Based on my experience and preferences, I ended up with a Ruger Mark III Target with a 5.5 inch barrell. In terms of reliability and quality, I would rate the Mosquito higher than the 1911s. But if you really like 1911s and want to inexpensively train with a full size 1911 -- the GSG is a good choice.

*EDIT:* I shot my new Ruger Mark III Target this weekend for the first time. It is WAYYYY more accurate than any of the 22s referenced above -- and the trigger is great. I am very pleased. Personally, I had to spend time with these other guns to appreciate the Rugers. Save yourself the time and trouble and go straight to the Ruger.

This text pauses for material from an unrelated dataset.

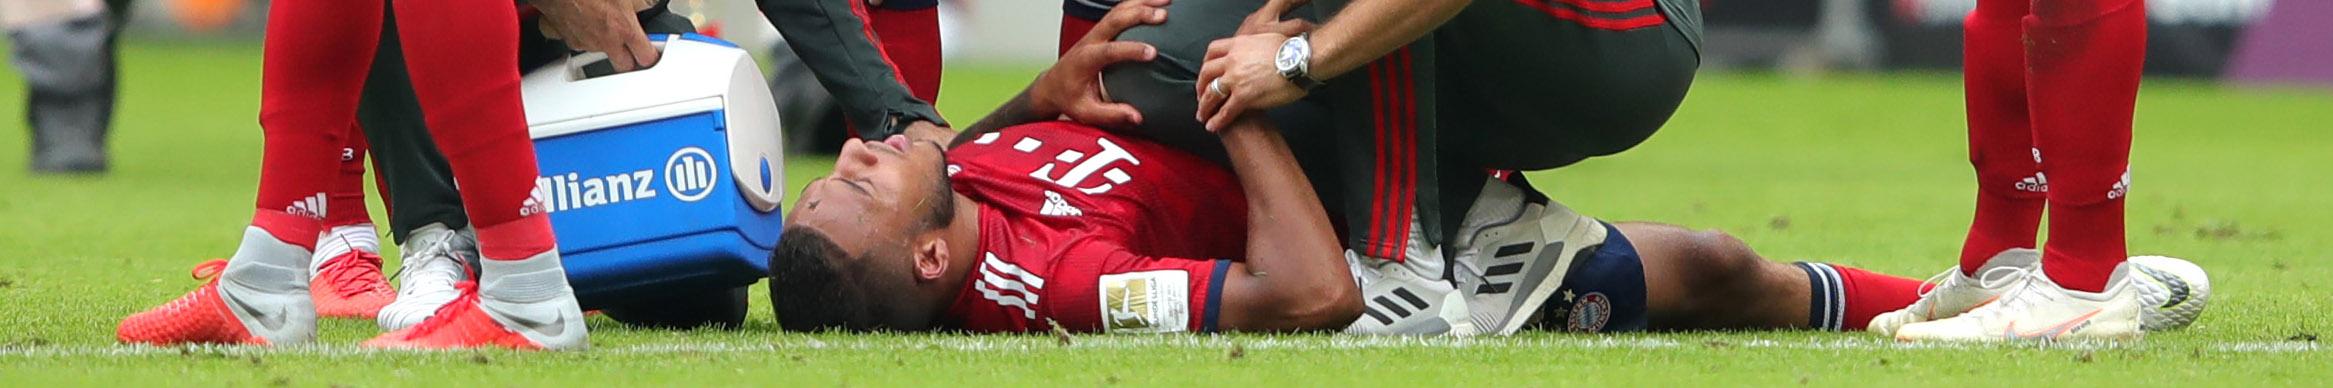 Bundesliga: Diese Klubs leiden am meisten unter Langzeitverletzungen

These other guns really do pale by comparison.


----------



## RogerH

I have the sig 1911 22 have shot about 500 rounds zero problems. son in law has gsg a few problems . i was told the sigs are built to higher standards. likes an ammo feels good shoots even better i will replace the plastic sights with fiber optics and the thumb saftey... only draw back mags are pricey


----------



## ronmail65

RogerH said:


> I have the sig 1911 22 have shot about 500 rounds zero problems. son in law has gsg a few problems . i was told the sigs are built to higher standards. likes an ammo feels good shoots even better i will replace the plastic sights with fiber optics and the thumb saftey... only draw back mags are pricey


Roger - I'm curious since you have experience with both the Sig 1911 22LR and the GSG model. I thought these were the same gun - just with different branding. Do you think these are entirely different? Or might be the same frame and slide but with some different components?


----------



## dondavis3

I own both and like my Sig Sauer 1911 - 22 best










It is made by GSG - I can't compare the GSG to the Sig because I don't own a GSG brand

I've intentionally fed it a mix of ammo brands and it eats them all.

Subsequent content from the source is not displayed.